Closed
Bug 1489264
Opened 6 years ago
Closed 6 years ago
Investigate running packet.net-based Android emulator unit tests on GCP
Categories
(Testing :: General, enhancement, P1)
Tracking
(Not tracked)
RESOLVED
WORKSFORME
People
(Reporter: gbrown, Assigned: gbrown)
References
Details
(Whiteboard: [geckoview:p2])
Building on wcosta's foundation, let's see how well Android 4.2/4.3 tests run on GCP.
Assignee | ||
Comment 1•6 years ago
|
||
Oops, cloned that too well.
s/Android 4.2/4.3/Android 7.0/
Assignee | ||
Comment 2•6 years ago
|
||
My initial attempt:
https://treeherder.mozilla.org/#/jobs?repo=try&revision=a0b4e7a111a7a879a141ef45b9e7225516690fc0&filter-tier=1&filter-tier=2&filter-tier=3
https://queue.taskcluster.net/v1/task/enqpmpaER9mhXgCfjatrSA/runs/1/artifacts/public/logs/live.log
The android x86 emulator does not start because kvm is not available.
https://taskcluster-artifacts.net/enqpmpaER9mhXgCfjatrSA/1/public/test_info//emulator-qMHGOf.log
emulator: CPU Acceleration: DISABLED
emulator: CPU Acceleration status: KVM requires a CPU that supports vmx or svm
emulator: ERROR: x86_64 emulation currently requires hardware acceleration!

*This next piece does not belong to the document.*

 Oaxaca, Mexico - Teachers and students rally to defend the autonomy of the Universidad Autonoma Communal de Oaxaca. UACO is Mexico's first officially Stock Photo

Please ensure KVM is properly installed and usable.
CPU acceleration status: KVM requires a CPU that supports vmx or svm
Comment 3•6 years ago
|
||
(In reply to Geoff Brown [:gbrown] from comment #2)

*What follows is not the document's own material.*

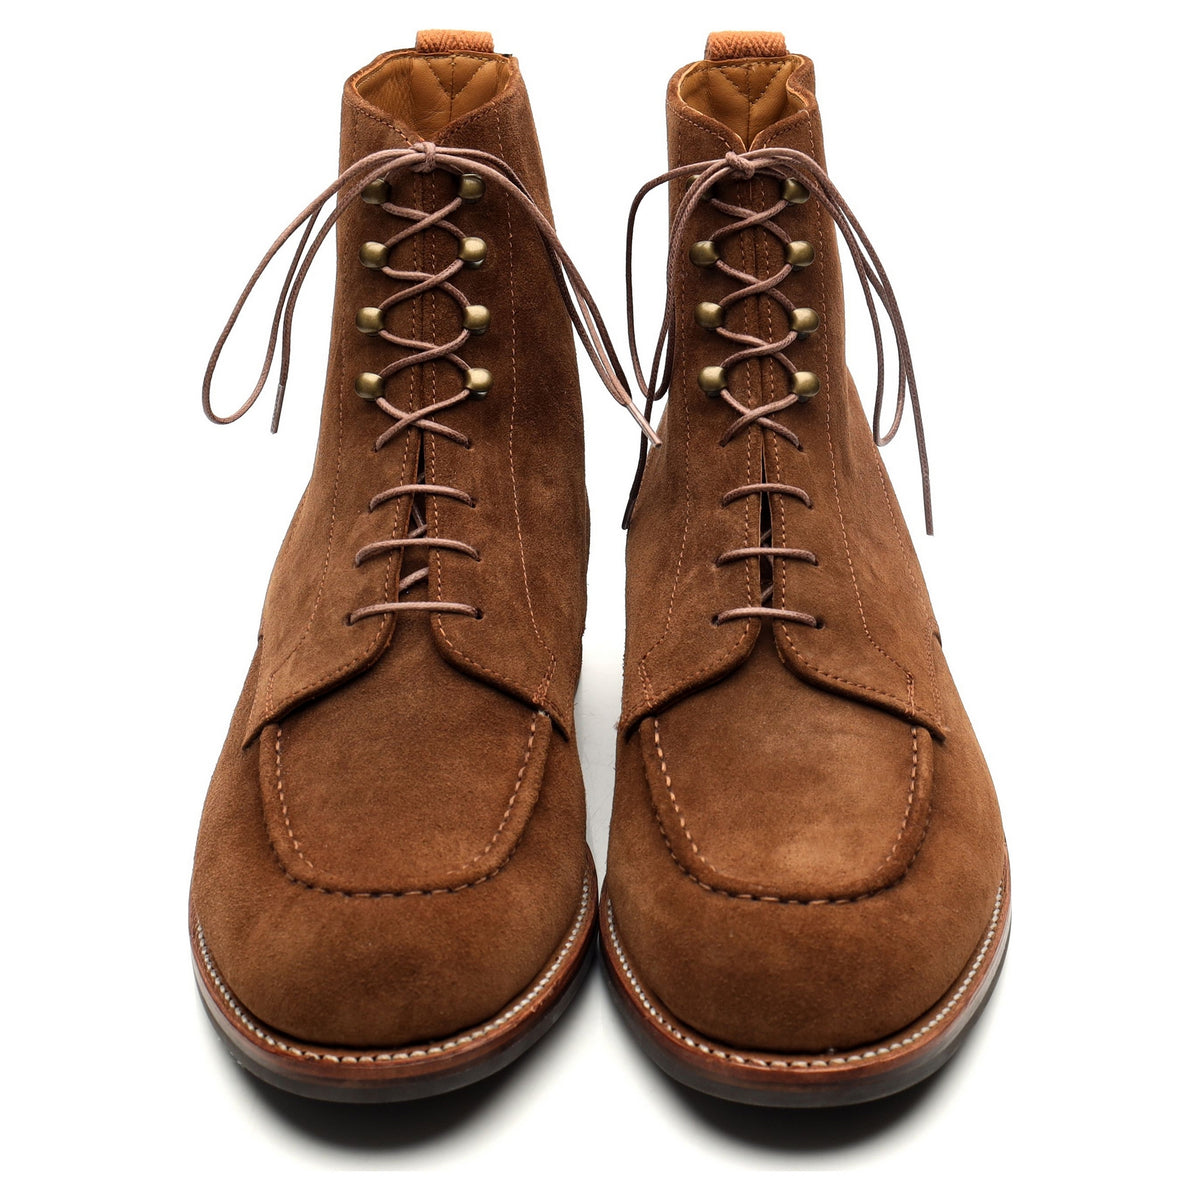 &#39;Sawyer&#39; Tan Brown Suede Apron Boots UK 10 G

> The android x86 emulator does not start because kvm is not available.
Paging Wander
Flags: needinfo?(wcosta)
Assignee | ||
Comment 4•6 years ago
|
||
Comment 5•6 years ago
|
||
(In reply to Chris Cooper [:coop] pronoun: he from comment #3)
> (In reply to Geoff Brown [:gbrown] from comment #2)
> > The android x86 emulator does not start because kvm is not available.
>
> Paging Wander
If that's urgent I can look now, if not I will postpone for when I recover.
Flags: needinfo?(wcosta) → needinfo?(coop)
Comment 6•6 years ago
|
||
(In reply to Wander Lairson Costa [:wcosta] from comment #5)
> If that's urgent I can look now, if not I will postpone for when I recover.
Redirecting NI to gbrown to see whether this is a blocker.
Flags: needinfo?(coop) → needinfo?(gbrown)
Assignee | ||
Comment 7•6 years ago
|
||
The geckoview tests currently running on mozilla-central, tier 3:
https://treeherder.mozilla.org/#/jobs?repo=mozilla-central&filter-searchStr=android%20x86%207.0&filter-tier=1&filter-tier=2&filter-tier=3
could run on integration branches as tier 1 today, on packet.net, if there was a flexible provisioning solution available (or I suppose, if we just committed to a big pool of packet.net instances). Currently we are paused on committing to packet.net while we investigate gcp; in that sense, this bug is a blocker for getting geckoview tests to tier 1. The geckoview team has been very patient to date, but let's check in with them...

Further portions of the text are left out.